LOSS DEEPER THAN ESTIMATES
GM’s net loss was equal to $27.33 per share, compared with a profit of $891 million, or $1.56 per share, a year earlier, reflecting a sharp drop in demand for the light trucks that represent about 60 percent of its sales.
The company took $9.1 billion in charges, including $4.4 billion for restructuring and buyouts of U.S. factory workers and $2.8 billion for its exposure to bankrupt former parts unit Delphi Corp DPHIQ.PK. GM also wrote down $1.3 billion of its equity interest in GMAC, its former finance unit.
Revenue fell to $38.2 billion from $46.7 billion.
Excluding charges, GM lost $11.21 per share. That was more than four times the $2.67 a share that Wall Street analysts expected, as tracked by Reuters Estimates.
GM’s global auto sales dropped 5 percent and it lost $4 billion on its auto operations before charges as record gas prices sank demand for trucks and SUVs.
GM, like rival Ford Motor Co F.N, incurred large losses for light-truck and SUV leases.
Under lease contracts, automakers and their finance companies rent vehicles to consumers and sell the used vehicles at wholesale auctions when the leases expire.
But the drop in demand for SUVs this year has been accompanied by a plunge in their resale value by 25 percent and more as consumers flock to more fuel-efficient passenger cars.
GM said declining lease values at GMAC depressed its second-quarter results by nearly $2 billion.
Shares of GM were down almost 6 percent at $10.46 in afternoon trading and remain down 55 percent since the start of the year.

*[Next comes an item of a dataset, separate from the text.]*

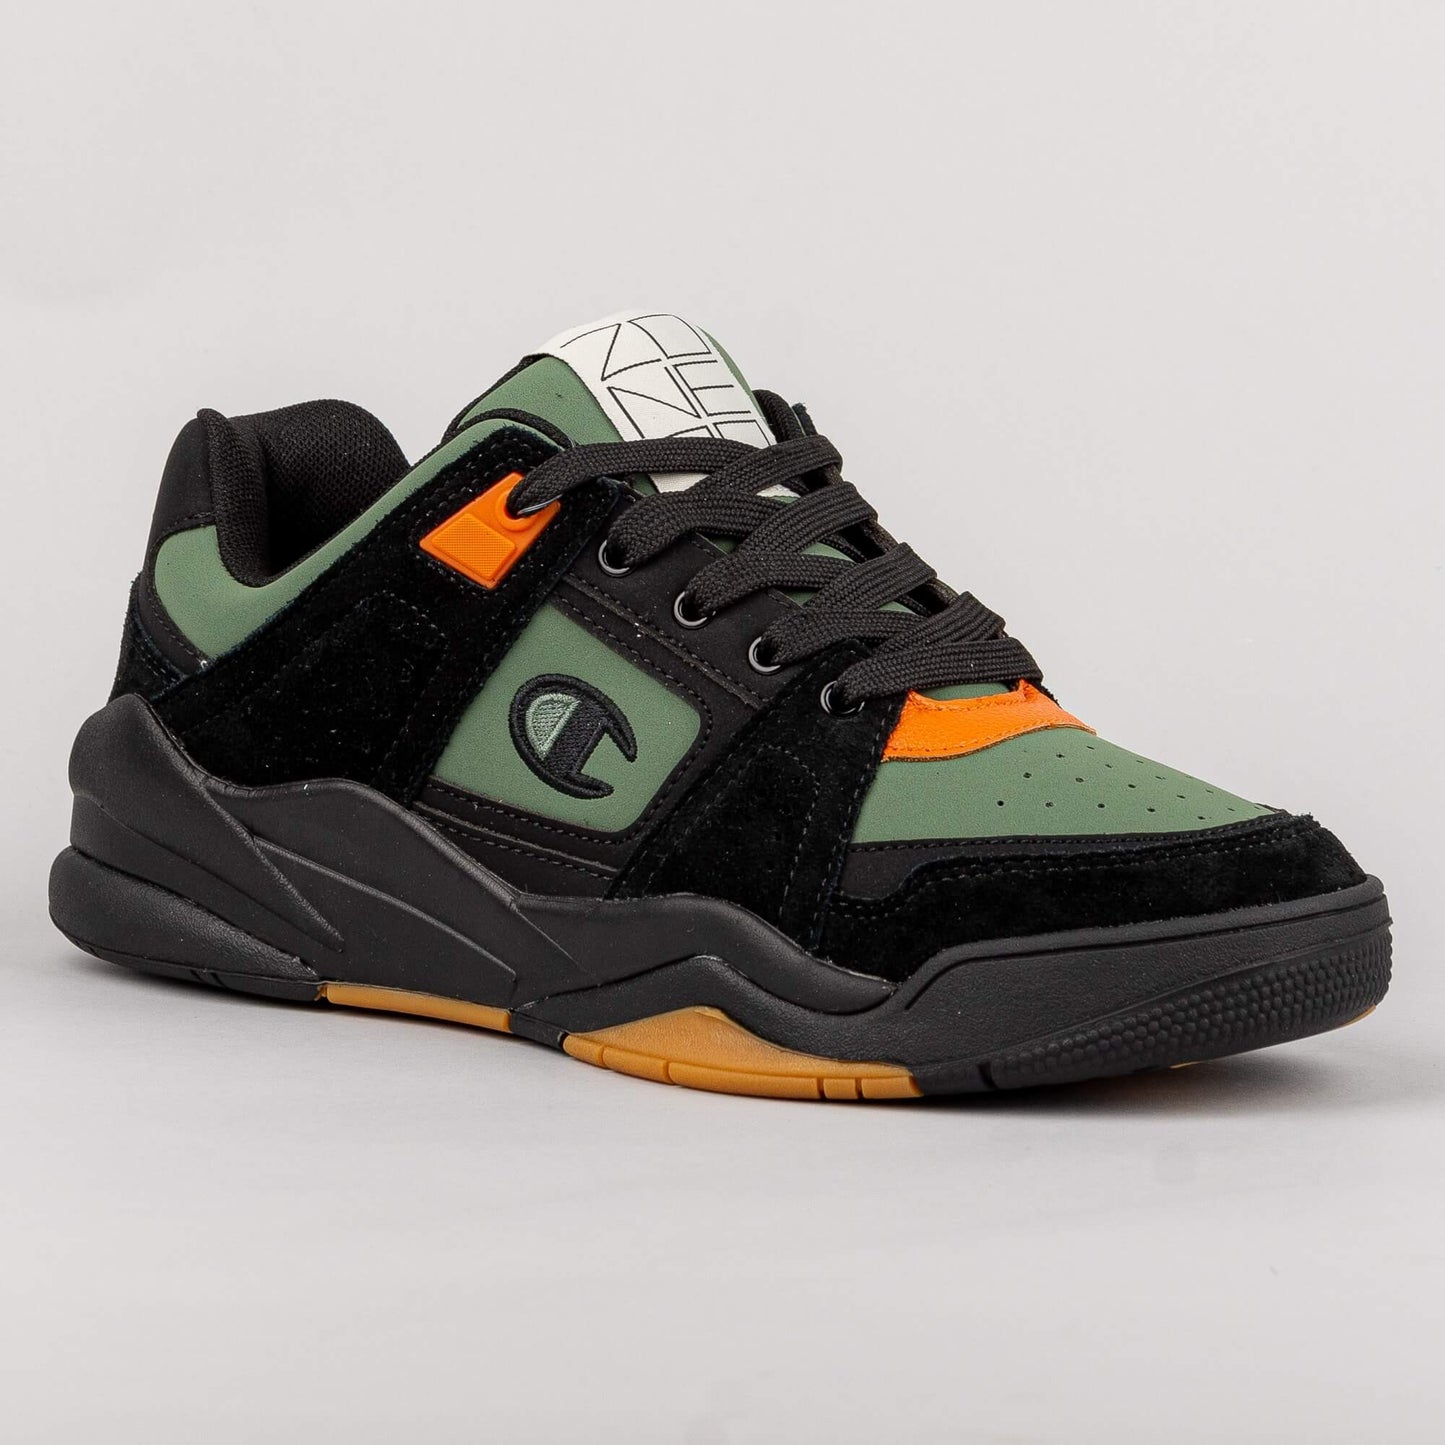 Champion Low Cut Shoe Z90 Skate Black/Green/Orange

The shares bounced back from a 54-year low of $8.82 in mid-July after the automaker outlined its plans to raise liquidity.
But credit markets have priced in deeper risks for GM over the same period. GM bonds traded at record lows of less than 50 cents on the dollar on Friday after Standard & Poor’s cut its rating on GM and said it expected it to burn through $16 billion in cash this year.
The cost to insure GM’s debt against default jumped to record highs. Five-year credit default swaps on GM’s debt jumped to 41.5 percent of the sum insured, from 38.35 percent on Wednesday, plus annual premiums of 5 percentage points, according to Markit Intraday.
About 90 percent of the 19,000 GM factory workers who took buyouts had left the GM’s payroll by the second quarter. But GM will face charges this quarter from a just-launched buyout program intended to cut about 5,000 white-collar jobs.
Tim Ghriskey, chief investment officer with Solaris Asset Management, said GM’s cash burn could deepen if the economy worsens but said the automaker was showing a new urgency.
“The Detroit automakers have had their heads in the sand for a long time, but they seem to have pulled them out now and are reacting and reacting quickly,” Ghriskey said.